## Data provided
━━━━━━━━
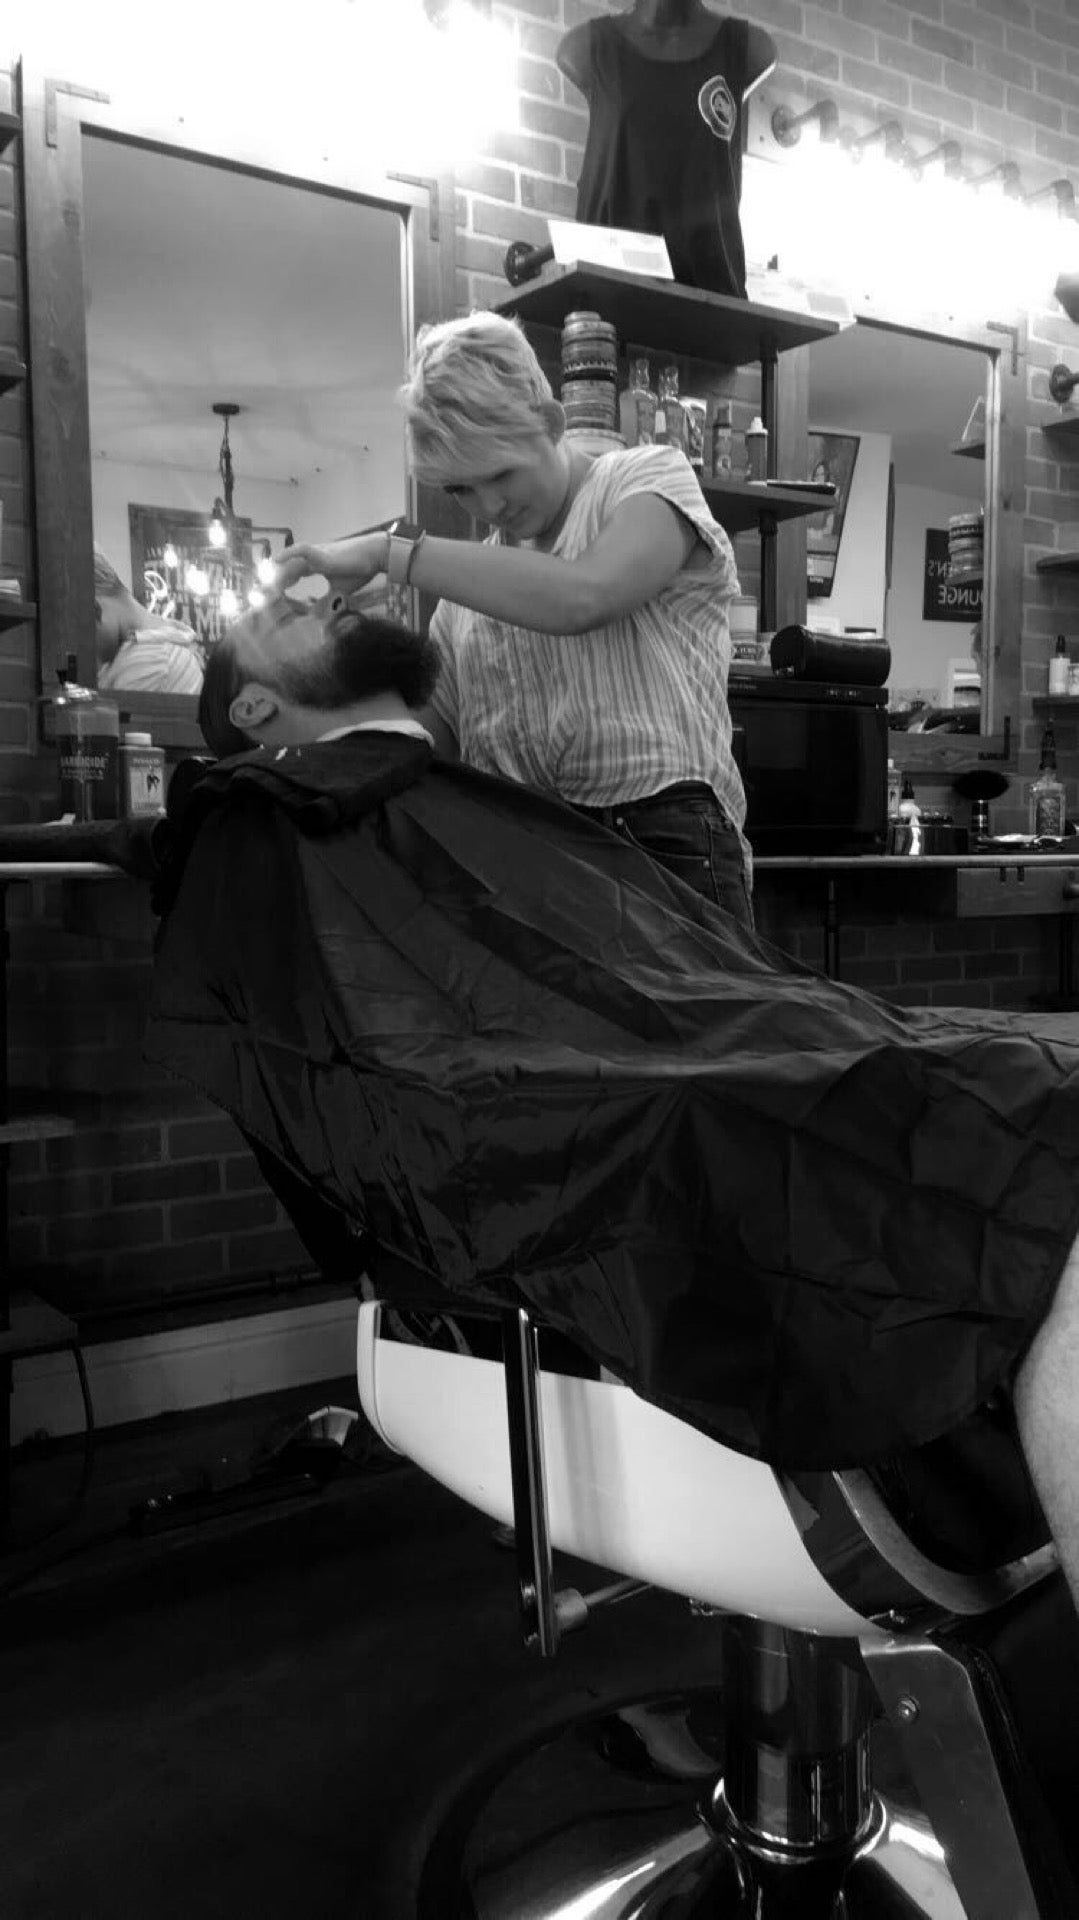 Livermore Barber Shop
━━━━━━━━
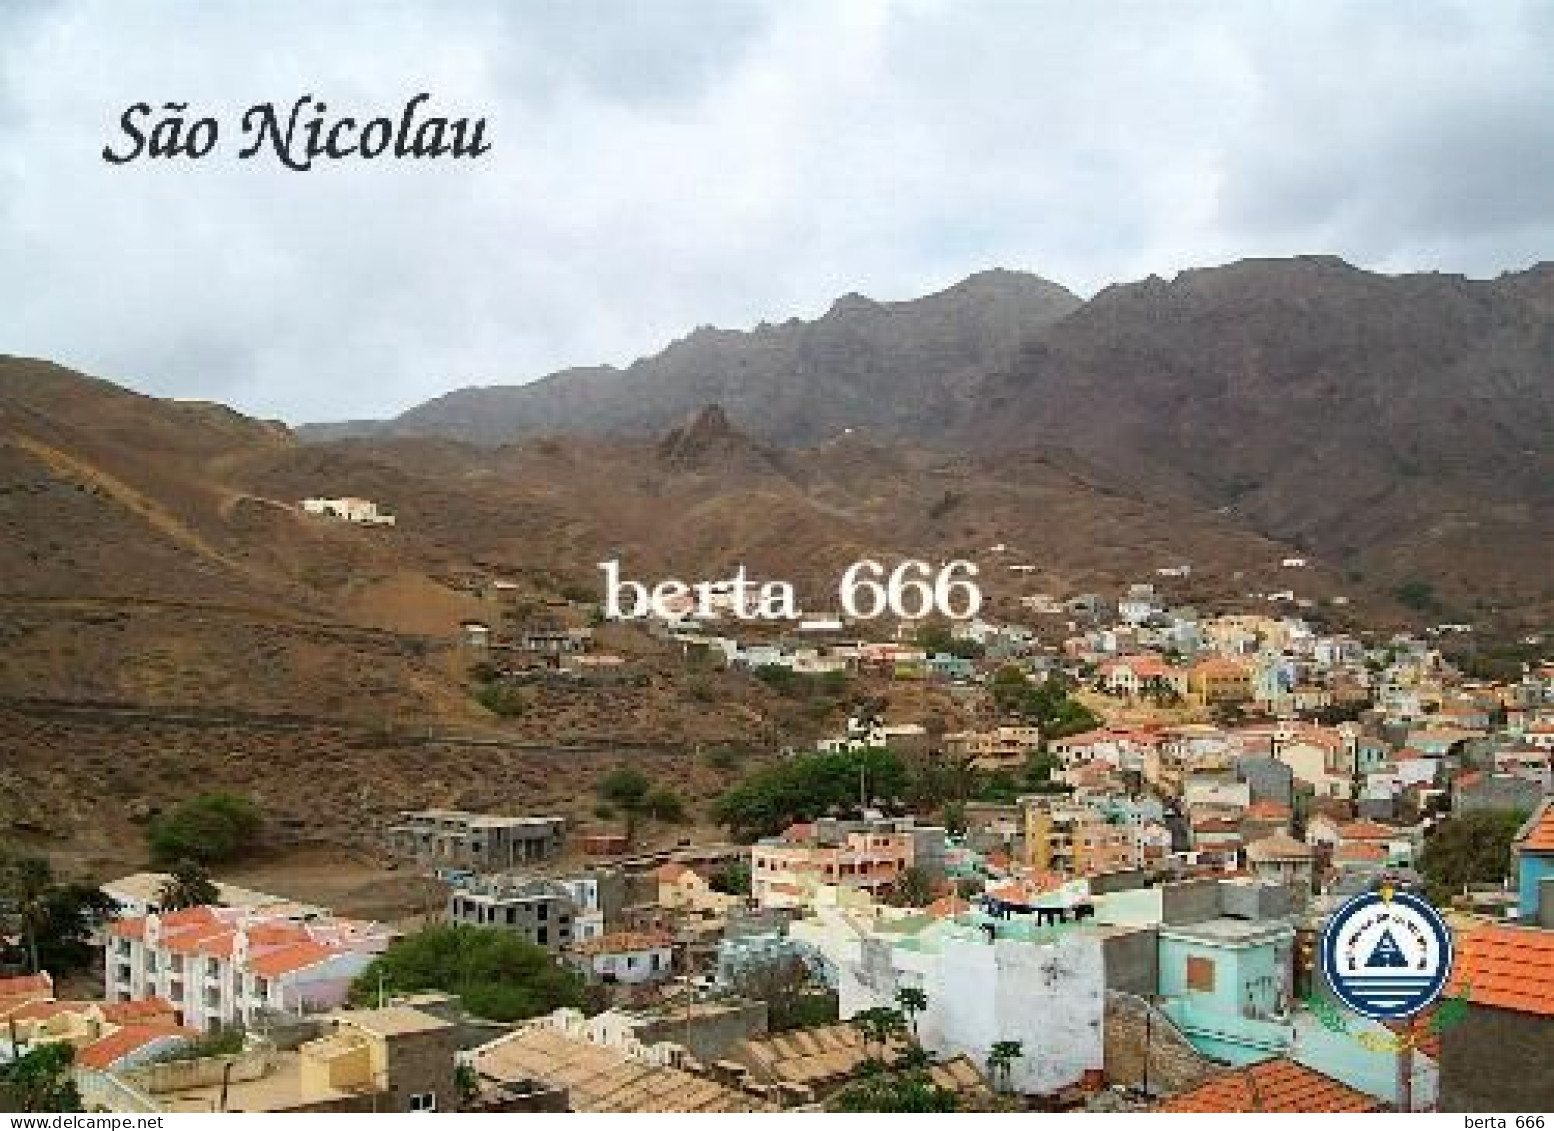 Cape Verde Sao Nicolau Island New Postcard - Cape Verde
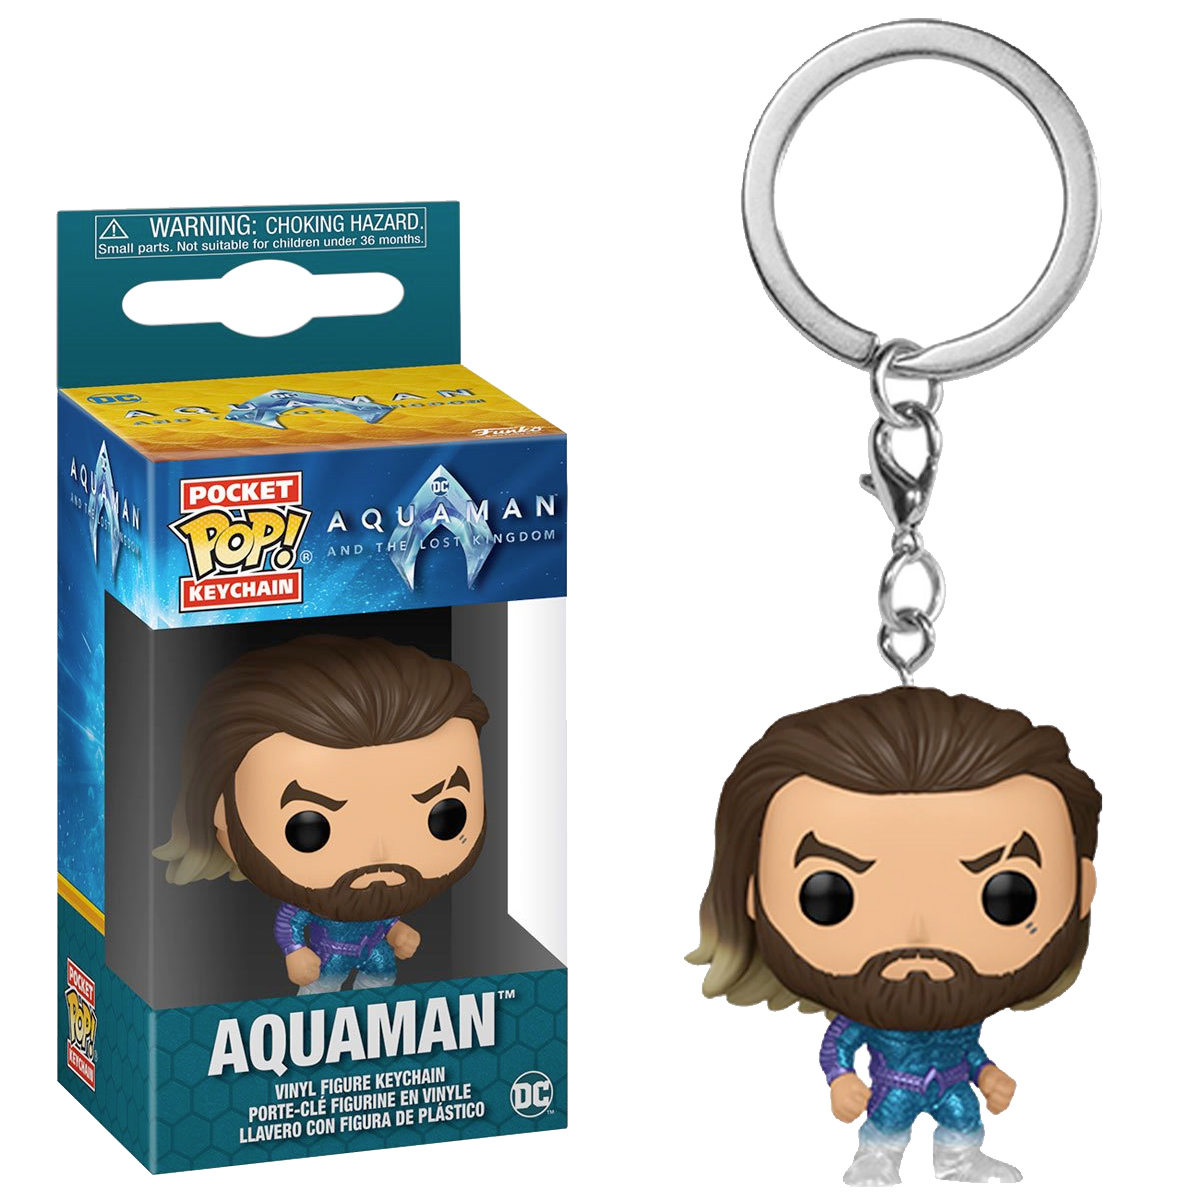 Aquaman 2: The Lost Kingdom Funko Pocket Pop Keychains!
━━━━━━━━
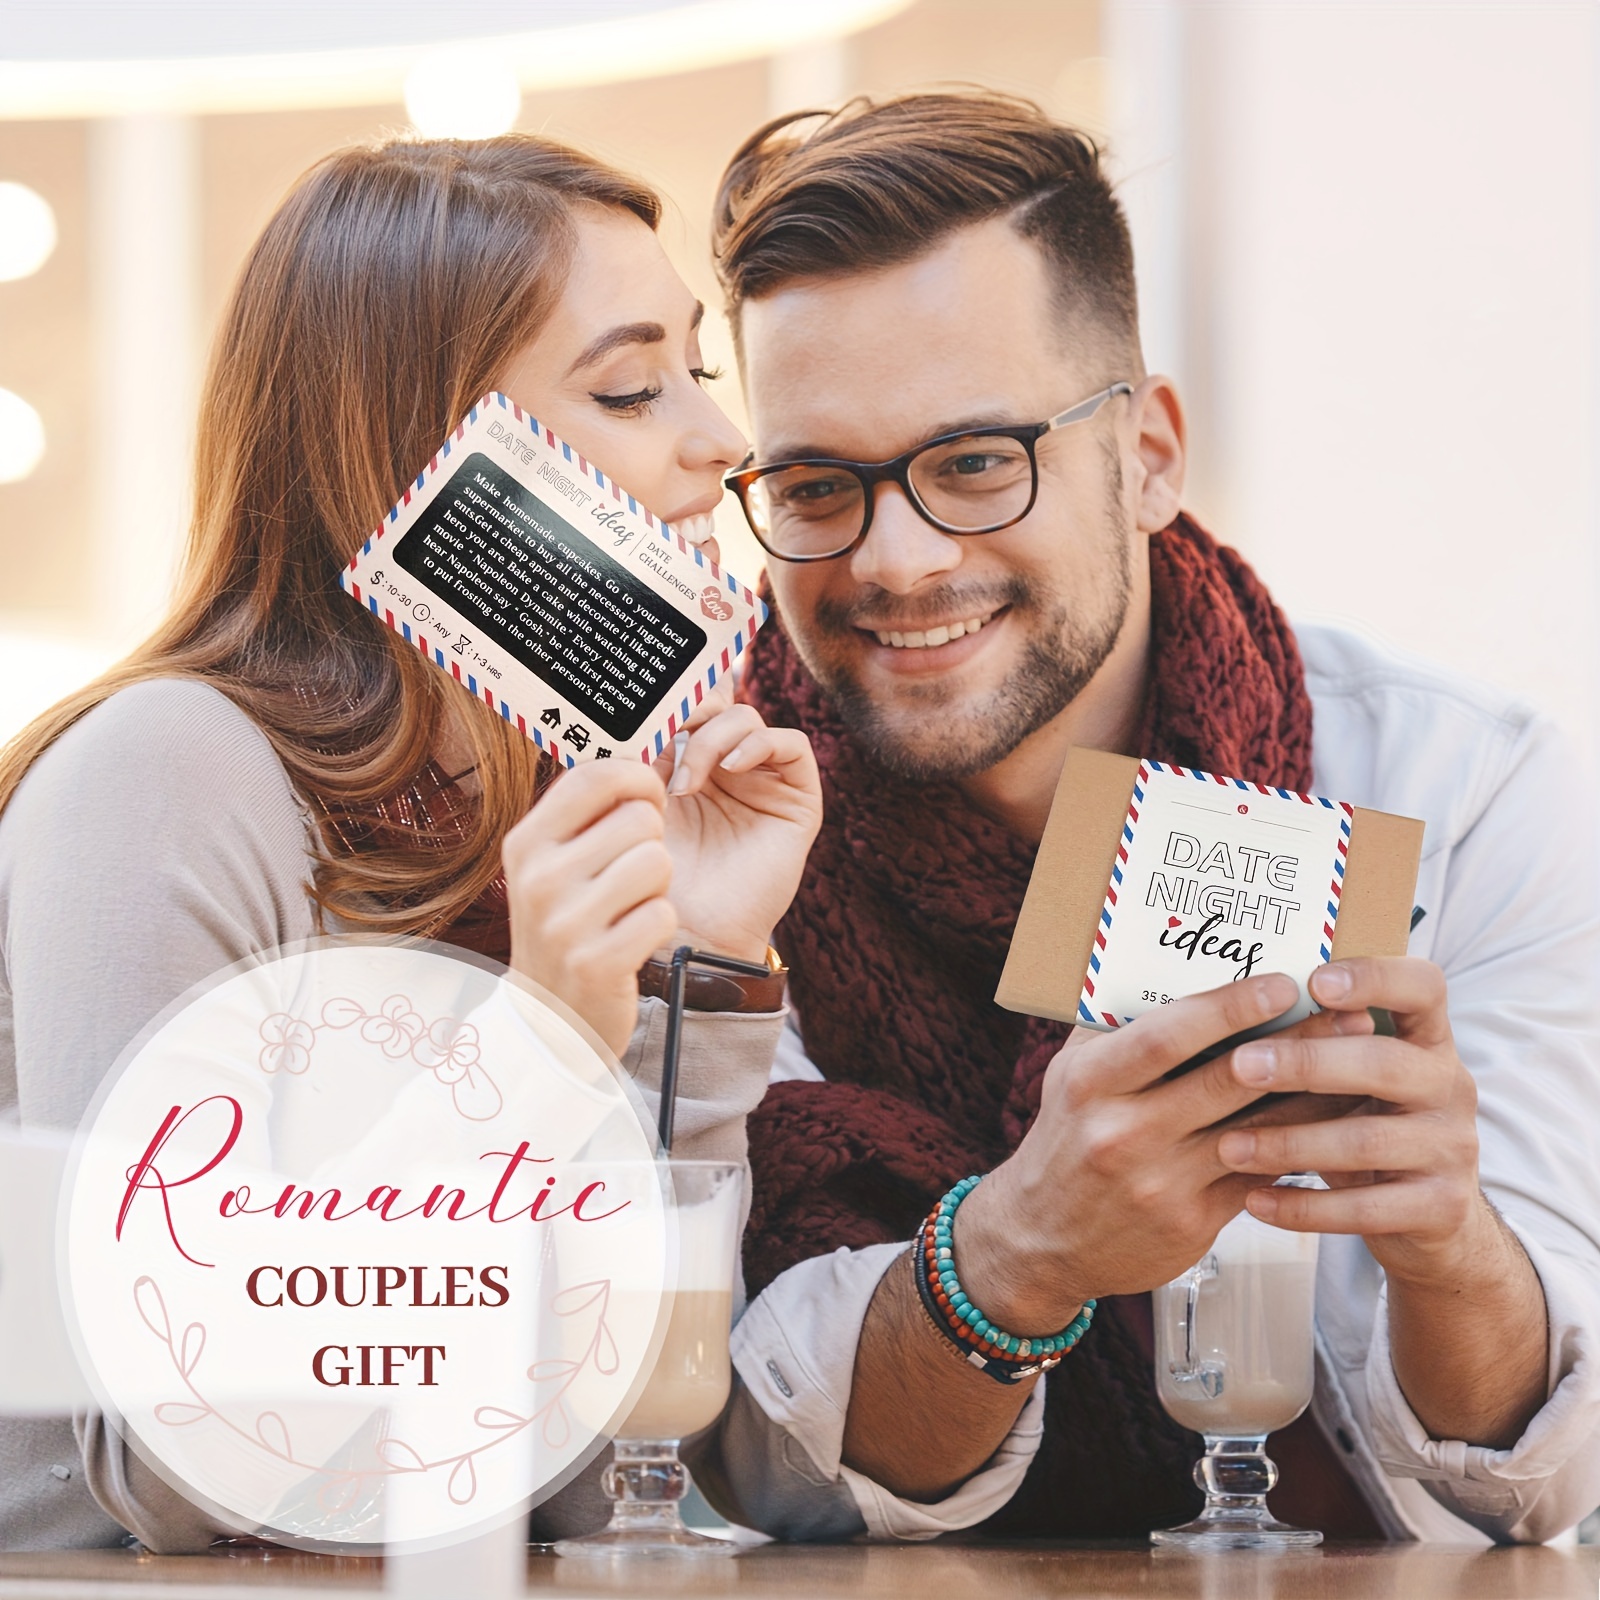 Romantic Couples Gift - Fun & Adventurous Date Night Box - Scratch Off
━━━━━━━━
## What you need to do
Using the data above, retype exactly and only the lines from the one containing "Cape Verde Sao" up to and including the one containing "Aquaman 2: The", with no pictures carried over.

## Result of this exercise
 Cape Verde Sao Nicolau Island New Postcard - Cape Verde
 Aquaman 2: The Lost Kingdom Funko Pocket Pop Keychains!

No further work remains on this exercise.